L'intelligence artificielle, malgré ses promesses d'innovation, expose les banques africaines à des menaces sans précédent, transformant la question de son adoption en celle de sa maîtrise sécurisée. C'est le constat dressé par l'expert Marc Israël lors d'une Masterclass internationale en ligne tenue le jeudi 2 avril 2026, marquant le lancement de l'édition 2026 du Programme certifiant COFEB-HEC Paris. L'objectif était d'esquisser une feuille de route pour transformer cette menace en levier stratégique pour les institutions financières du continent.

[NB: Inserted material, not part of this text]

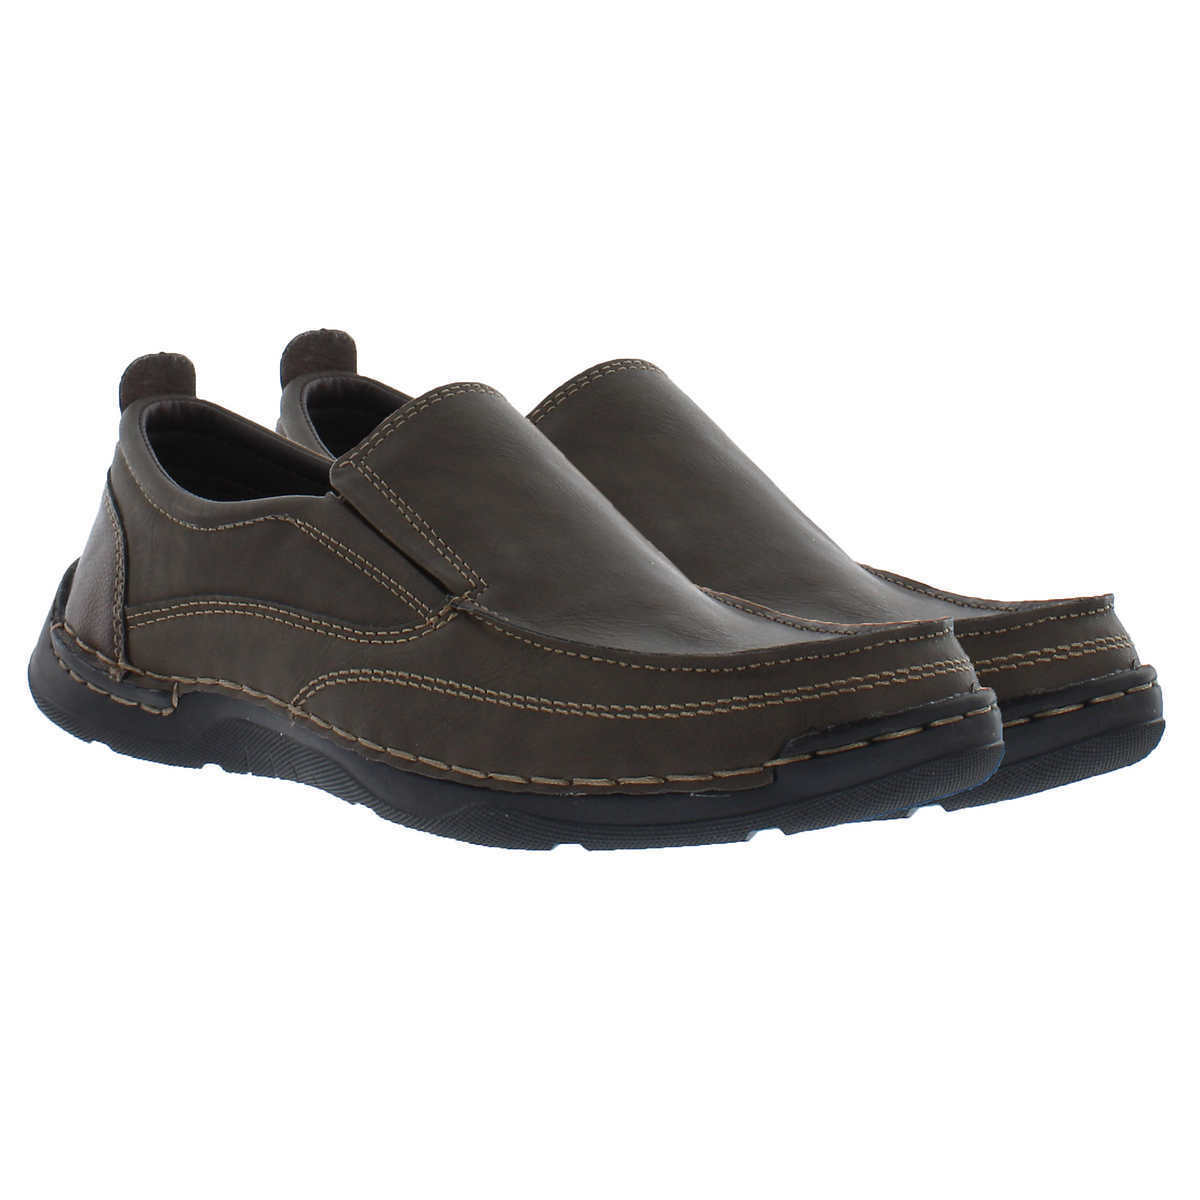 Izod Thomas Men's Slip On Shoe Memory Foam Flexible LightWeight Loafer

Face à l'évolution rapide des techniques de fraude – notamment les deepfakes, l'usurpation d'identité et la manipulation de données – rendues hyper-réalistes par l'IA générative, les dispositifs classiques de vérification, tels que le KYC (Know Your Customer), sont fragilisés. Les intrusions peuvent désormais rester invisibles pendant plusieurs mois, augmentant considérablement leur impact potentiel. Les banques, dépositaires de données sensibles et concentrant des flux financiers majeurs, apparaissent comme des cibles privilégiées. Pour Marc Israël, un changement de paradigme s'impose : les modèles d'IA doivent être considérés comme des actifs stratégiques critiques, au même titre que des coffres-forts numériques, exigeant des dispositifs robustes de traçabilité, de contrôle et d'audit.
Pour relever le défi de cette "double transformation" – intégration de l'IA et sécurisation des systèmes – l'expert propose un cadre opérationnel structuré autour de trois piliers fondamentaux. Premièrement, évaluer le point de départ en mesurant la maturité technologique, cartographiant l'exposition aux cyberattaques et comprenant l'environnement de données, pour éviter tout déploiement à l'aveugle. Deuxièmement, agir rapidement en privilégiant les "quick wins", des initiatives ciblées à fort impact et faible effort, permettant de générer des résultats tangibles et d'accélérer l'apprentissage organisationnel.
Enfin, la montée en puissance de l'IA doit impérativement s'accompagner d'un travail simultané sur la gouvernance et les compétences. La gouvernance, loin d'être un frein, doit encadrer les usages, prévenir les dérives et sécuriser les données, tout en permettant l'expérimentation dans des environnements sécurisés. À cet égard, le rôle des "sandboxes" (bacs à sable) est crucial. Ces espaces de test isolés permettent aux institutions financières d'expérimenter de nouveaux outils et cas d'usage sans compromettre les systèmes en production ni les données sensibles, à l'instar de la Banque centrale de Maurice et de la Financial Services Commission. Marc Israël met en garde contre l'inaction ("paralysis by analysis"), plaidant pour une approche progressive où les projets pilotes affinent les règles de gouvernance au fil de leur déploiement.
Cette maîtrise des risques technologiques, soutenue par des institutions comme le COFEB – Centre ouest africain de formation et d'études bancaires, bras armé de la BCEAO basé à Dakar et partenaire d'HEC Paris – devient un levier central de souveraineté financière pour le secteur bancaire ouest-africain, forcé d'innover sans s'exposer.